Got Ulcers? Get Tested
A person with genital ulcers should see his or her doctor. It’s important to confirm whether or not it is herpes and if so, what type. Genital herpes outbreaks are treated with antiviral medications. These medications can help to reduce the number of days of discomfort and have few side effects. They are most effective when taken early in an outbreak. Some people take these drugs daily to prevent outbreaks.
Once someone has had a test that confirms either type of genital herpes, future partners can have a blood test which tells them if they already have been exposed to the same strain of virus. If the person tests negative, the partner with the infection would be advised to take antiviral therapy daily, in order to help prevent infecting his or her partner. Although daily antiviral therapy decreases the chances of spreading the virus, there is no guarantee, so it’s best to have a frank conversation with a new sexual partner.
No ulcers doesn’t equal no herpes, so then what?
If you’ve never had genital ulcers and as far as you know, have never been exposed, is it worth getting tested? That’s a controversial point and in fact, the widely followed official guidelines discourage screening.
Why? Many reasons: Let’s say the test comes back positive for HSV-2. This means that the patient may have been exposed to HSV-2 at some point in their lives, somehow, somewhere. Research tells us that these folks may be periodically shedding virus particles in their genital fluids. These patients would then be diagnosed with genital herpes, encouraged to share their status with future partners, and offered daily antiviral medication to prevent possibly spreading the virus.

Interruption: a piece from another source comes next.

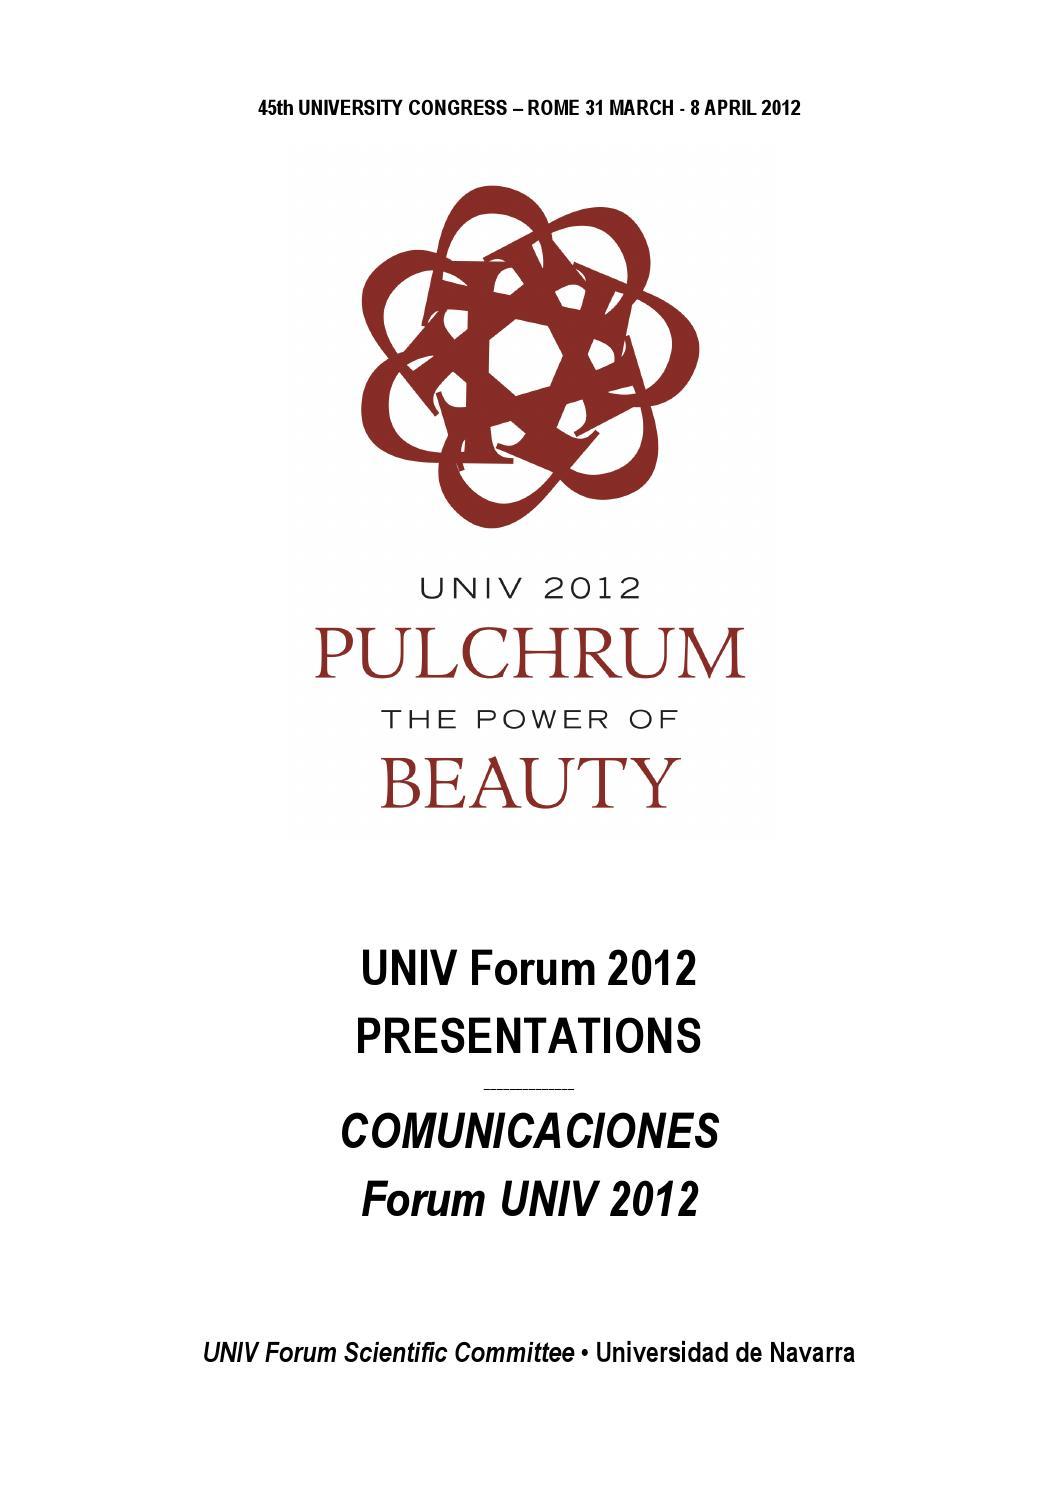 UNIV Forum 2012 \

All of this can be a tough pill to swallow, so to speak. There is significant social stigma and shame associated with herpes. In addition, there are occasionally false-positive tests. Labeling someone with the diagnosis can be devastating to their future relationships, and asking someone to take a pill for a condition they may or may not have and may or may not spread seems unreasonable.
However, many experts disagree with the official guidelines. I wrote to Dr. John Gnann, professor of infectious disease at the Medical University of South Carolina and co-author of the New England Journal of Medicine article. He has suggested the below guidelines, and outlines the rationale:
“For herpes viruses, there is no ‘past exposure only’ scenario. If a person is HSV-2 seropositive, then that person is HSV-2 infected and will carry the virus forever. That means one of three things:
- The person has had herpes with symptoms.

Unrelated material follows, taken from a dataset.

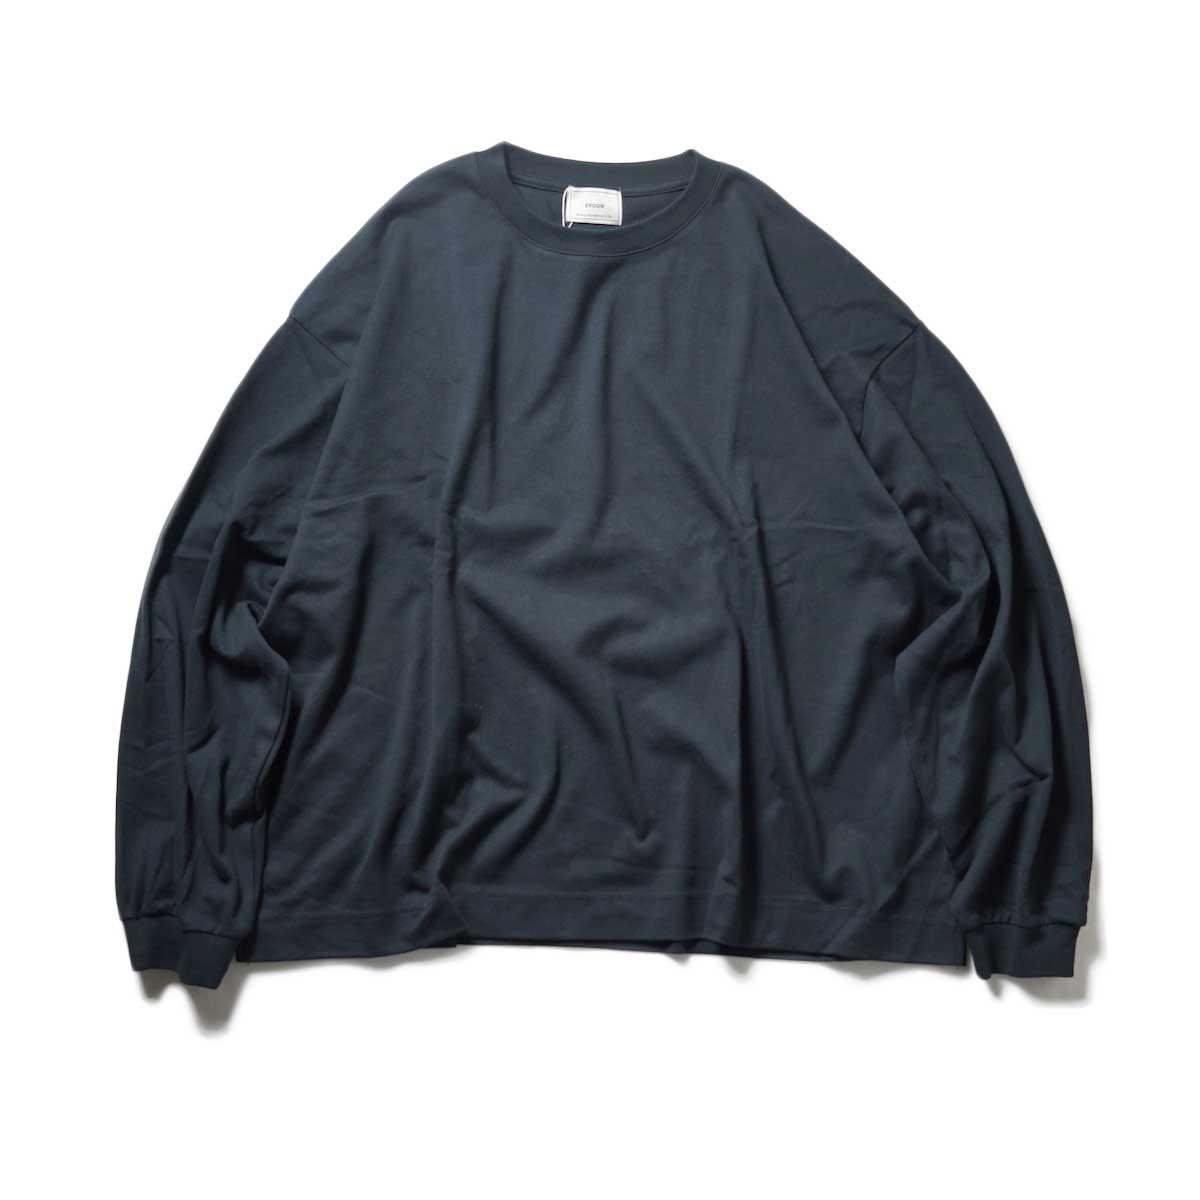 EVCON / WIDE L/S T-Shirt (Black)

- The person has had herpes with symptoms but didn’t realize the cause.
- The person has the herpes virus that from time to time can appear in genital fluids. The only way to know if a person is shedding the virus is with daily tests. That’s just not practical.
A lot of people fall into the second and third categories — again, that’s why so many people still get the virus. Dr. Gnann suggests herpes testing for
- people with any other sexually transmitted infection including chlamydia, human papilloma virus (HPV), etc.
- people in a relationship with a herpes-positive partner
- any person who asks to be tested.
He adds: “Anyone who has a positive blood test for HSV-2 (whether or not they have episodes with symptoms) should be told that she or he can potentially give HSV-2 infection to a partner. They should also be told about daily preventive antiviral therapy.”
As a primary care doctor, I found Dr. Gnann’s testing guidelines and rationale to be quite sound, and, I might add, different from my usual practice. To date, I have been following the official guidelines and steering away from the HSV blood test. After researching and writing this piece, I think that what he is suggesting makes a lot of sense. I personally plan on having a more in-depth discussion about the option for HSV blood testing with all of my patients who have been diagnosed with any sexually transmitted infection, as well as anyone who requests testing for such infections, in addition to those with partners with HSV.